Her eyes fell on the table, which was littered in ash trays and bottles and bits of paper. A man sat on the chair, but he didn't appear to be quite with it, so Ruby bent and swept the surface clean. The woman who'd let her in moved from questioning to cussing, pockmarking her foul tirade every so often with chastisement. Ruby felt a hand on her shoulder but shrugged it off before moving to the unmade bed, which she couldn't look at too long before her whole body began to burn. Past that, to the bathroom, which had been so trashed with clothing and more bottles and half-eaten food that she could hardly step to the tub. She paused at the shower curtain, recalling dully the moments she'd spent soaking herself after . . . well, after what'd happened. Then she yanked the cheap plastic aside only to find another woman, naked and half-awake, in the empty tub.

"Hey," groaned the woman, turning her body awkwardly, her skin squeaking unnervingly against the dry porcelain. Ruby looked down at her nudity, disgusted at the fleshiness, the brillo-pad of hair down there, the giant lolling breasts. Eyes barely able to stay open, the woman seemed to attempt a smile in Ruby's direction, but the girl swiped the curtain back and spun about only to trip on an empty box of wine, falling over it onto the floor.

"Baby, come on, now."

The rough voice above sounded like it should belong to a mother, and as hands slipped beneath Ruby's armpits and pulled her up, the girl began to sob.

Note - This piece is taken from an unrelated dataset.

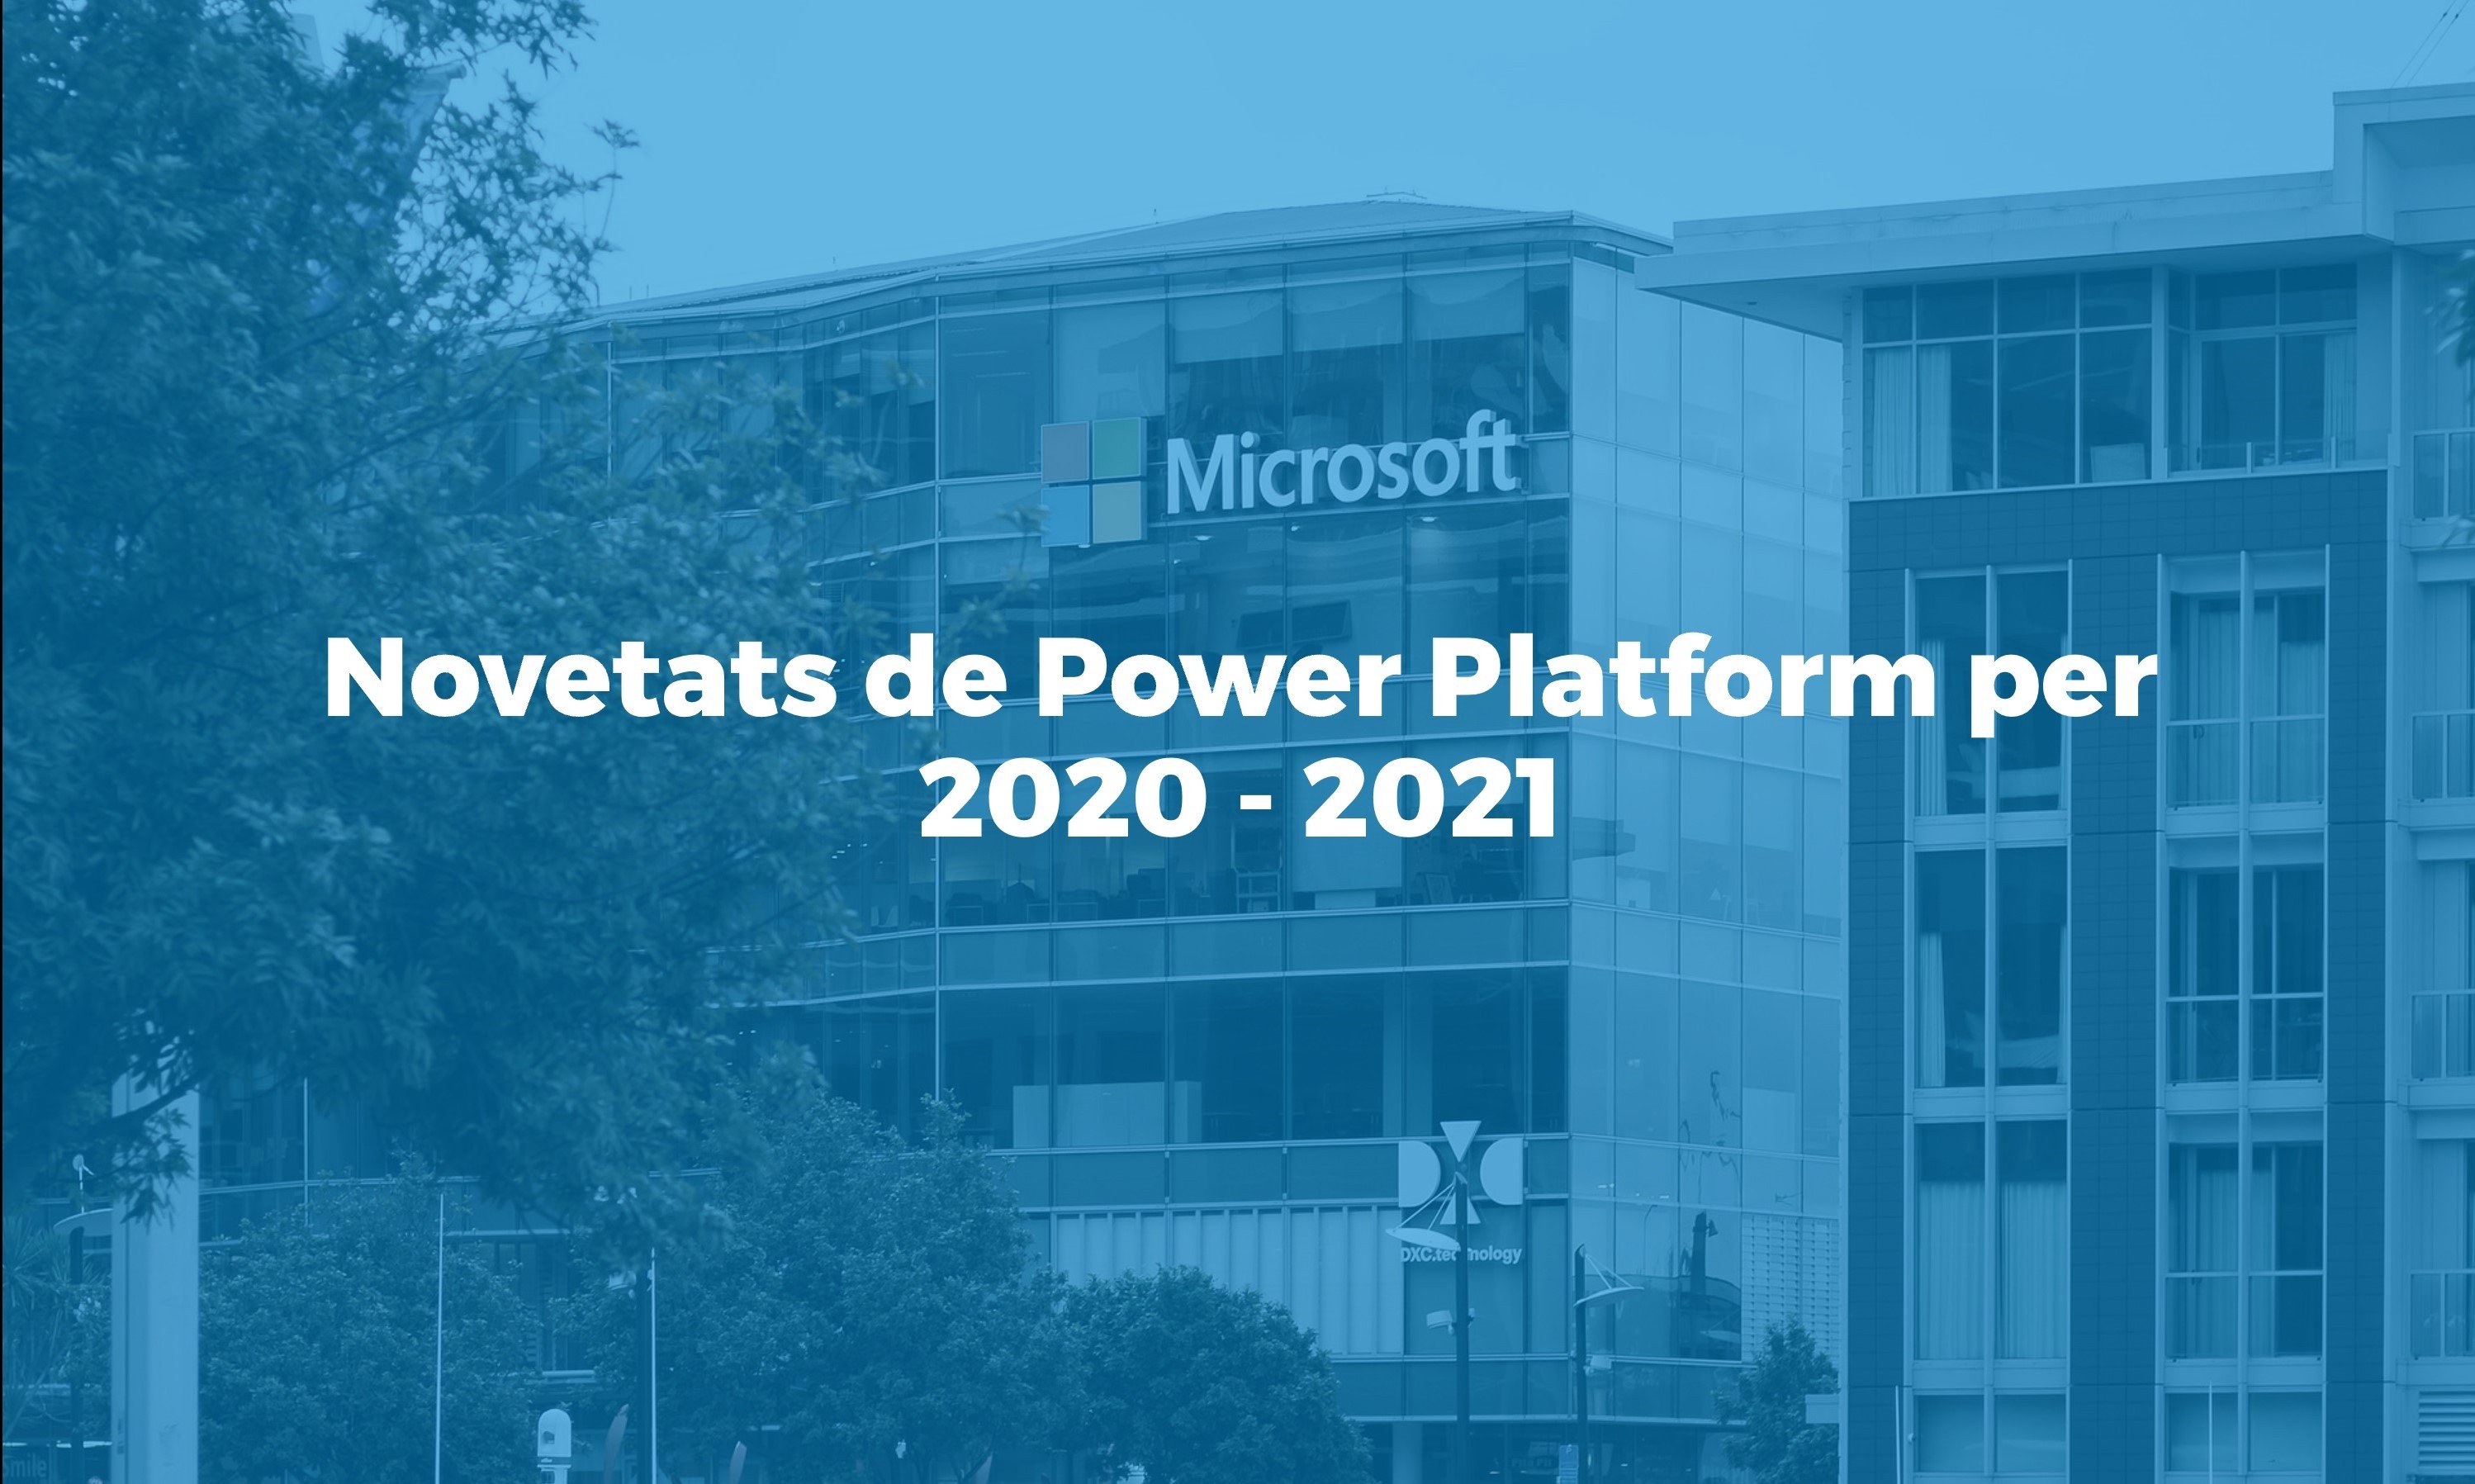 Microsoft anuncia novetats a Power Platform previstes per 2020 2021

The woman who'd opened the door, who'd snapped at her and then begun swearing at her, began to soothe, to encourage, as with an arm around Ruby's waist she helped the teen hobble out of the bathroom and toward the bed. Ruby was crying too hard to notice where exactly she'd been seated.

"All right then, baby, all right. Let it out. Let it all out." The woman rubbed Ruby's back, rocked her side to side a little. "You just get rid of whatever's in you, and then we can talk about it."

Ruby indulged herself, not least of all because she literally couldn't stop, now that she'd started. She cried and cried, no concern about her abject appearance, no feelings of shame, just release. Who the woman next to her was, she didn't know. And what exactly she'd walked into didn't matter either. The last twelve hours were a blur of anger and disbelief. Damien had tried to kill her. Fucking kill her! He'd put his hands around her throat, and oh, how beautiful his fingers against her skin had been. Even as the pressure had mounted, as she'd lost her breath, as her throat had constricted, Ruby had noticed a terrible and confusing sensation, aching up from between her legs into her core, and all of everything had built up, mounted within, promised some rapturous release, but then he'd let her go. She'd fallen, the trembling stirring dissipating. It'd almost been more satisfying than what he'd done to her in the motel, and yet she sensed the abnormality of her feelings, how wrong it was to think anything positive about his actions.

He'd left her, and even now she had no idea what to do. How could he have gone? How could he have just abandoned her, after everything? She'd waited for him, and she'd told him as much, but he hadn't cared. Nothing she'd said had mattered to him. Instead, he'd seen her as disposable.